The circus arrives without warning. No announcements precede it, no paper notices plastered on lampposts and billboards. It is simply there, when yesterday it was not.
Within these nocturnal black-and-white striped tents awaits an utterly unique, a feast for the senses, where one can get lost in a maze of clouds, meander through a lush garden made of ice, stare in wonderment as the tattooed contortionist folds herself into a small glass box, and become deliciously tipsy from the scents of caramel and cinnamon that waft through the air.
Welcome to Le Cirque des Rêves.
Beyond the smoke and mirrors, however, a fierce competition is under way–a contest between two young illusionists, Celia and Marco, who have been trained since childhood to compete in a “game” to which they have been irrevocably bound by their mercurial masters. Unbeknownst to the players, this is a game in which only one can be left standing, and the circus is but the stage for a remarkable battle of imagination and will.
As the circus travels around the world, the feats of magic gain fantastical new heights with every stop. The game is well under way and the lives of all those involved–the eccentric circus owner, the elusive contortionist, the mystical fortune-teller, and a pair of red-headed twins born backstage among them–are swept up in a wake of spells and charms.
But when Celia discovers that Marco is her adversary, they begin to think of the game not as a competition but as a wonderful collaboration. With no knowledge of how the game must end, they innocently tumble headfirst into love. A deep, passionate, and magical love that makes the lights flicker and the room grow warm whenever they so much as brush hands.

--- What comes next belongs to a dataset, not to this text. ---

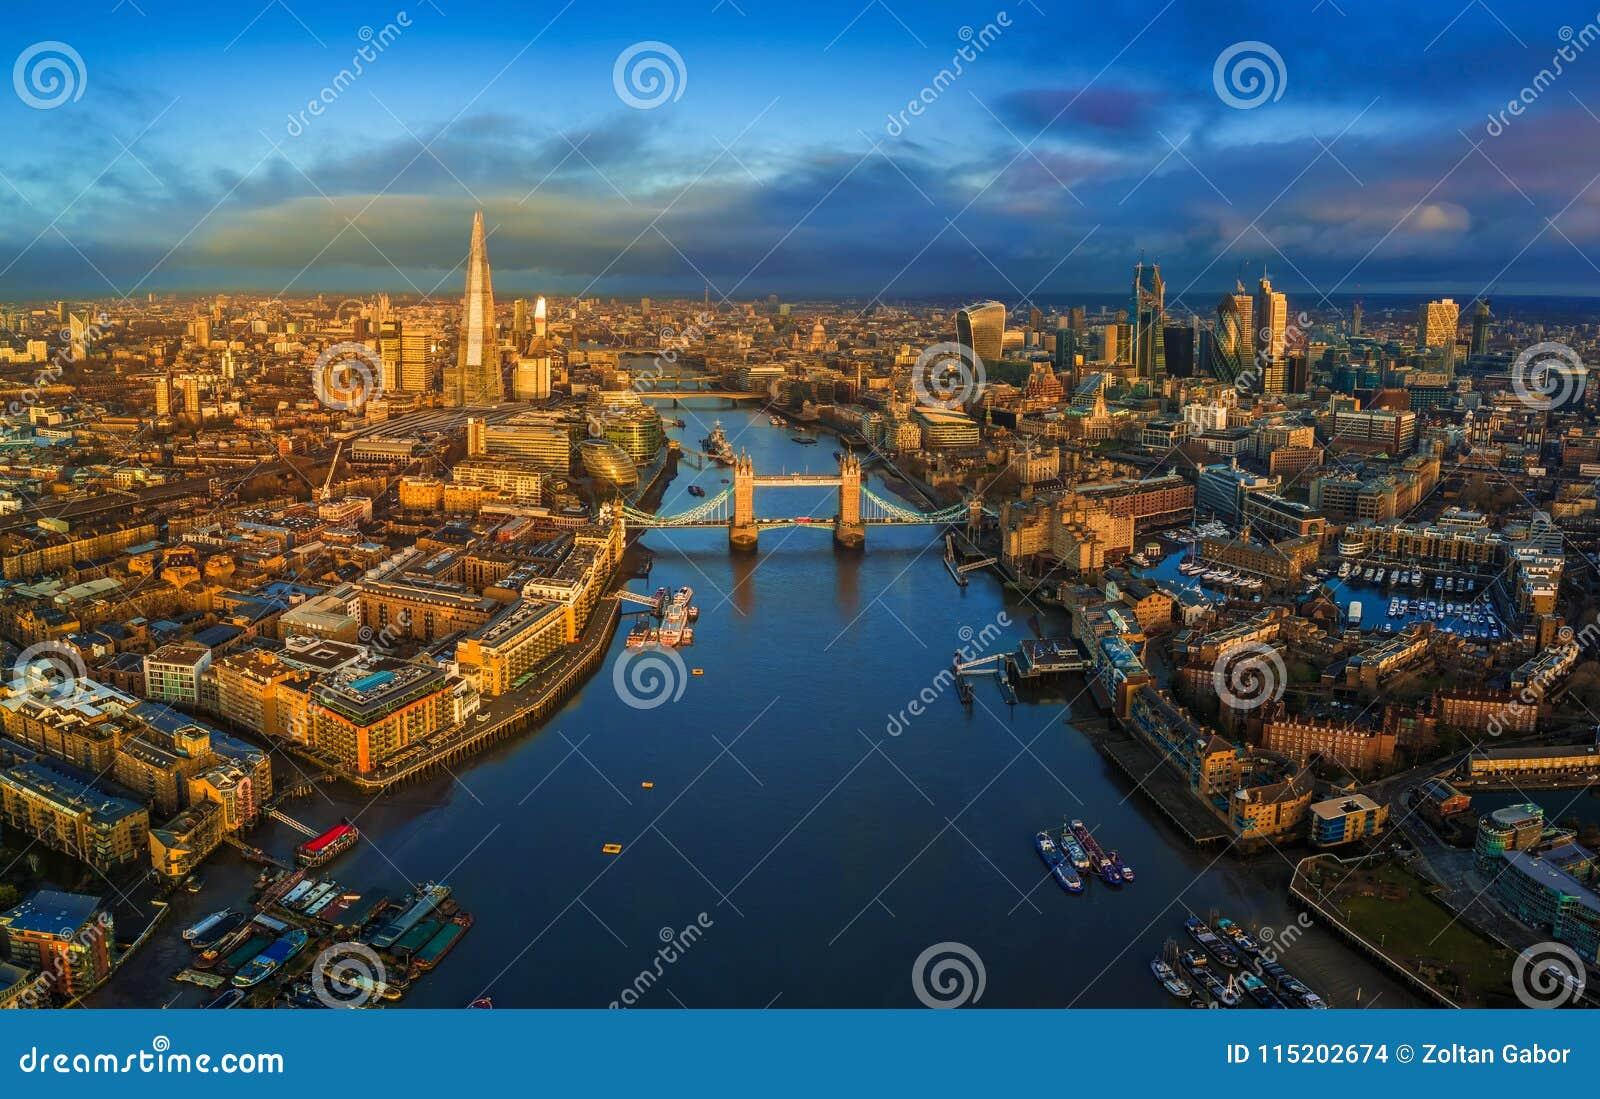 Londres, Angleterre - vue aérienne panoramique d horizon de Londres comprenant le pont iconique de tour avec l autobus à impérial

Their masters still pull the strings, however, and this unforeseen occurrence forces them to intervene with dangerous consequences, leaving the lives of everyone from the performers to the patrons hanging in the balance.
Both playful and seductive, The Night Circus, Erin Morgenstern’s spell-casting debut, is a mesmerizing love story for the ages.

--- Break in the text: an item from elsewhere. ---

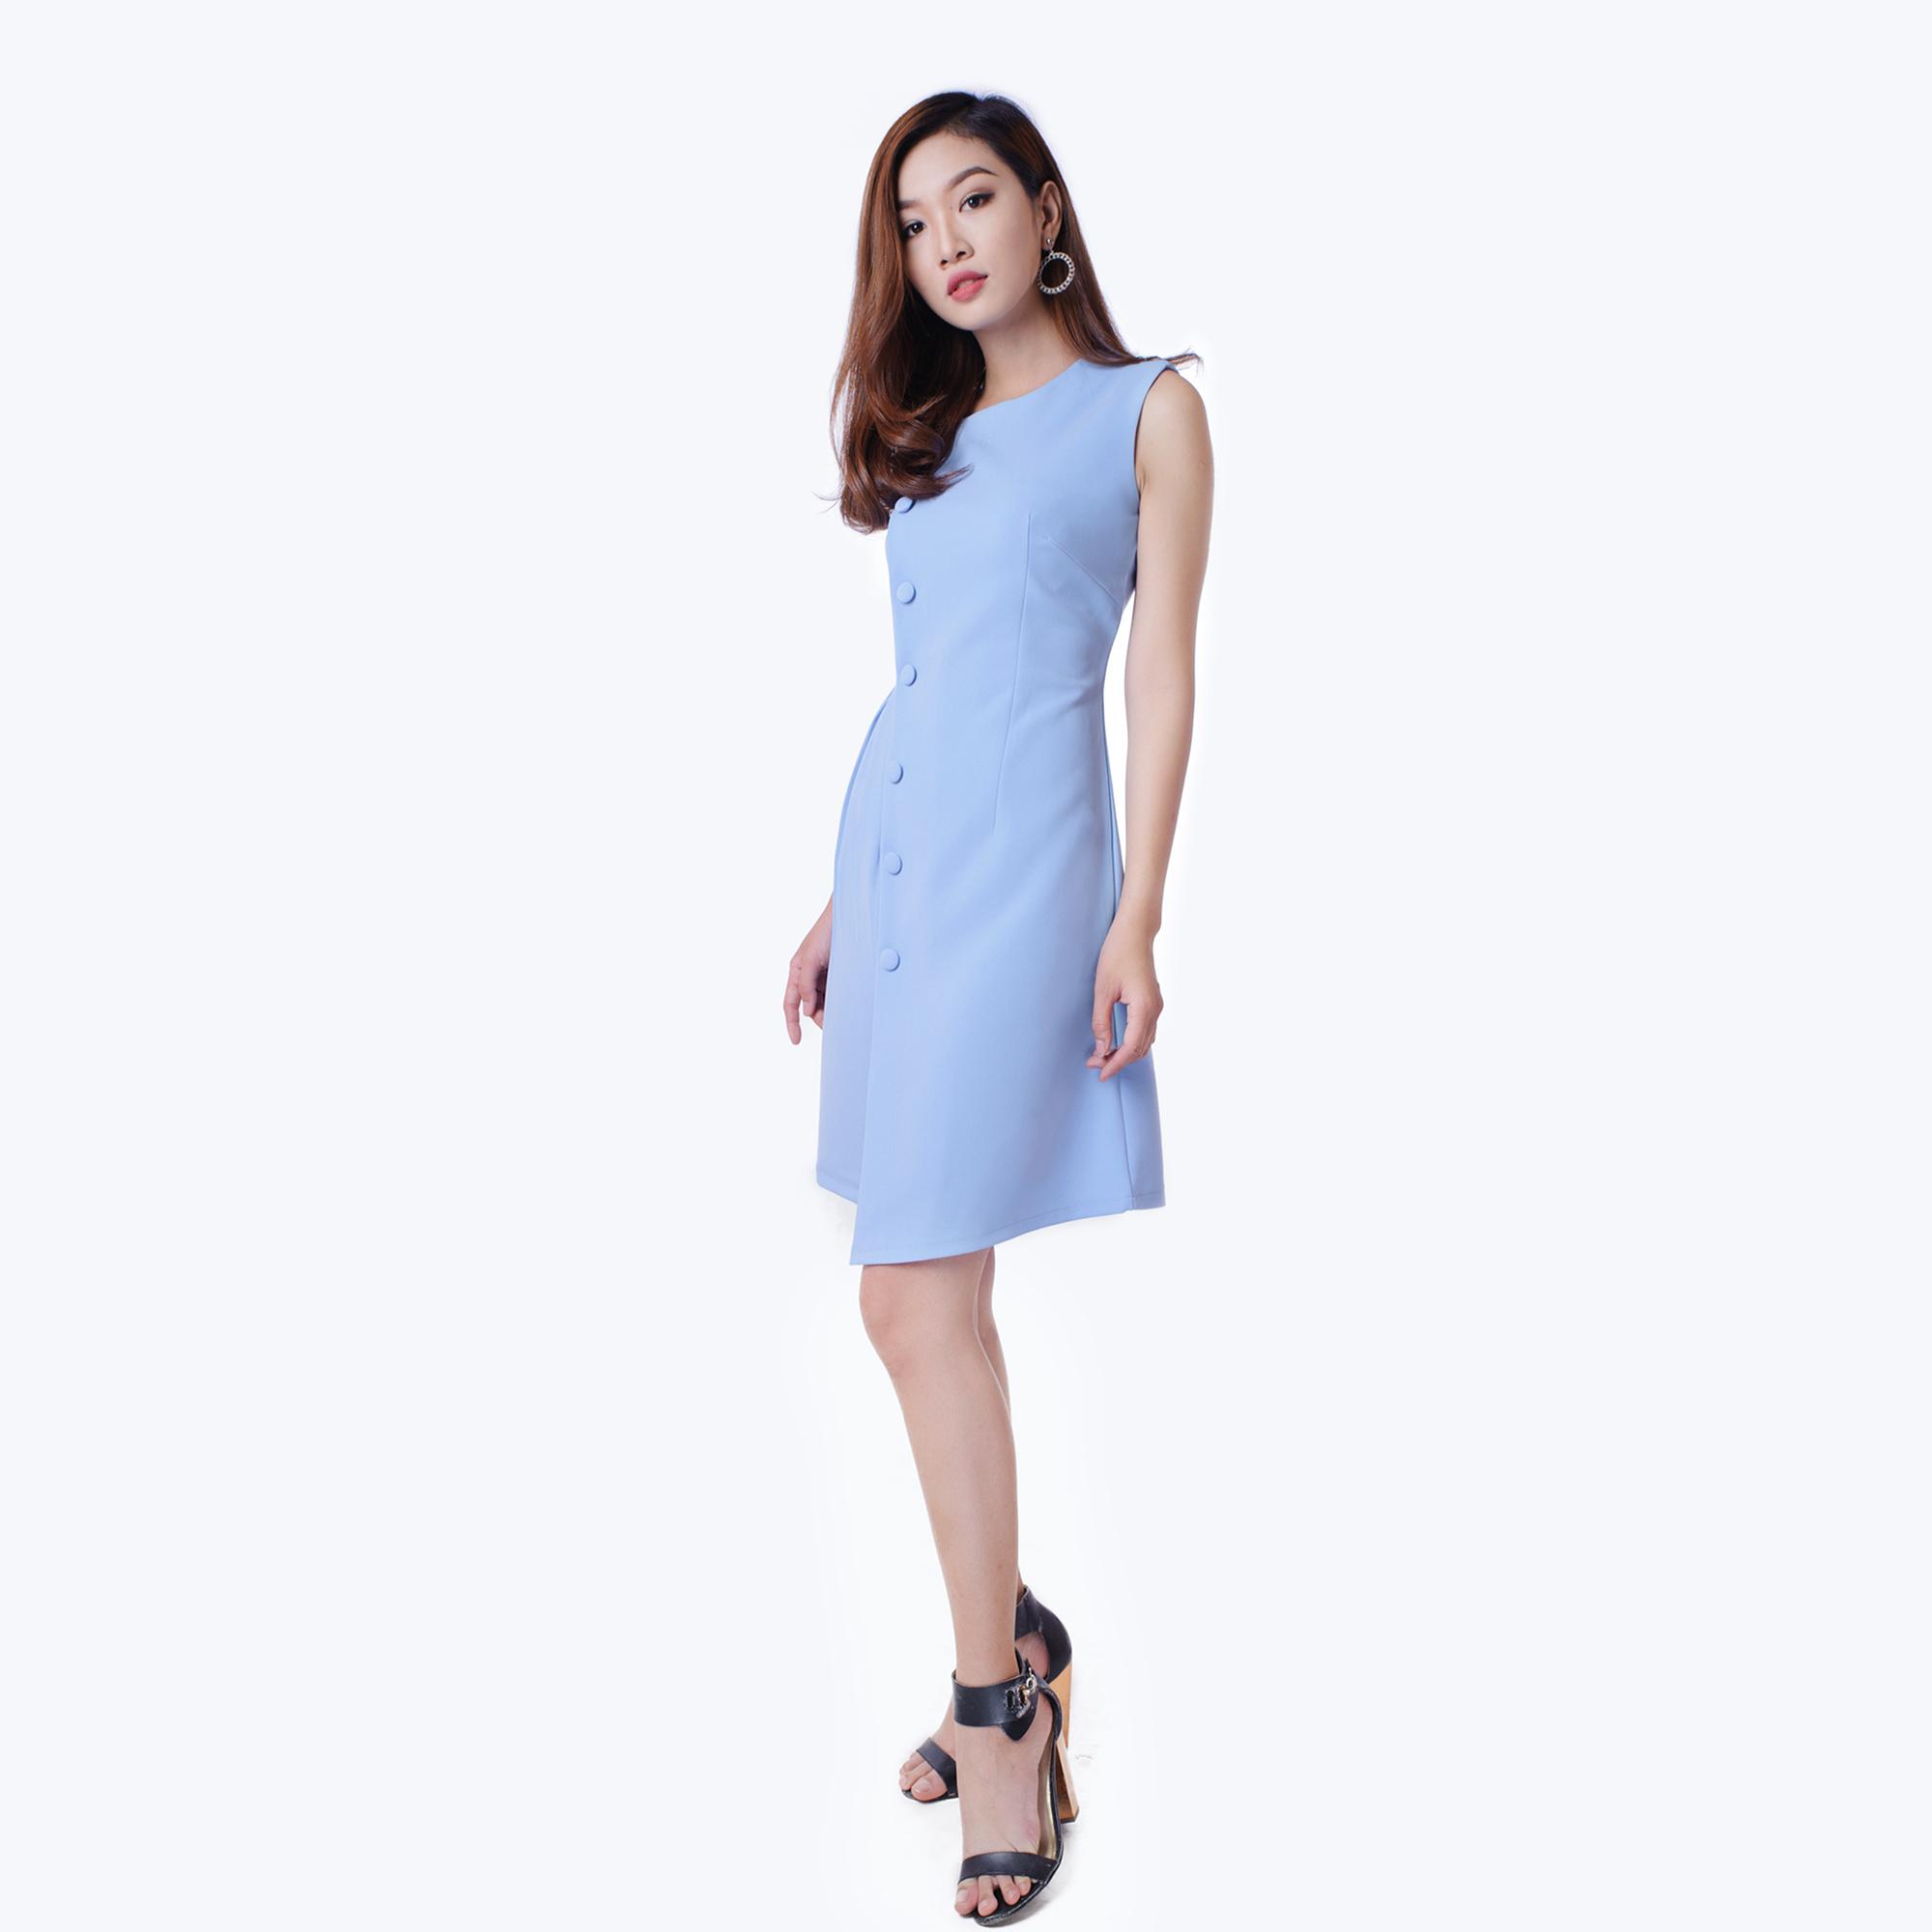 Đầm Công Sở Phối Nút Eo Nhúng Dễ Thương Thời Trang Eden - D146 - Màu xanh nhạt

I devoured this book. Finished it in less than two days, while doing other things aside from reading. Everything worked in it: the setting, the characters, the plot, just every. Single. Thing.
The Night circus follows the competition between two young magicians, Marco and Celia, and the circus that has been created as a venue for it. They both have been raised specifically for this competition, that we later find out can last a lifetime and can have dire consequences for one of them.
The writing is beautiful. Elegant, well paced, period appropriate, perfect. I was instantly transported to the world of Le Cirque des Reves and I immediately accepted the laws that governed its world.
“You think, as you walk away from Le Cirque des Rêves and into the creeping dawn, that you felt more awake within the confines of the circus.
You are no longer quite certain which side of the fence is the dream.”
The story shifts focus from time to time, but it’s not difficult to follow these transitions, especially once you realize that everything eventually comes together. I especially enjoyed the brief chapters written in the second person, talking to the reader, because they increased the feeling of being there, the feeling of the circus being a living thing that we, the readers, get to experience.
There was great character building. Even though the story clearly revolves and is constructed around Marco and Celia, every single character that is part of the story and of the circus becomes important to the reader. You realize just how close together they are all knit and that the actions of one affect all of them. So in the end, you’re rooting for everyone. I like to think of the circus itself as a character, because it is. By the end of the book, I thought of it as a living, breathing being.
I loved this book. I loved the originality of the story, the writing, the characters, the conclusion. Everything. I highly recommend it. Pick it up and get lost in the world of Le Cirque des Reves. You will not regret it.
“The most difficult thing to read is time. Maybe because it changes so many things.”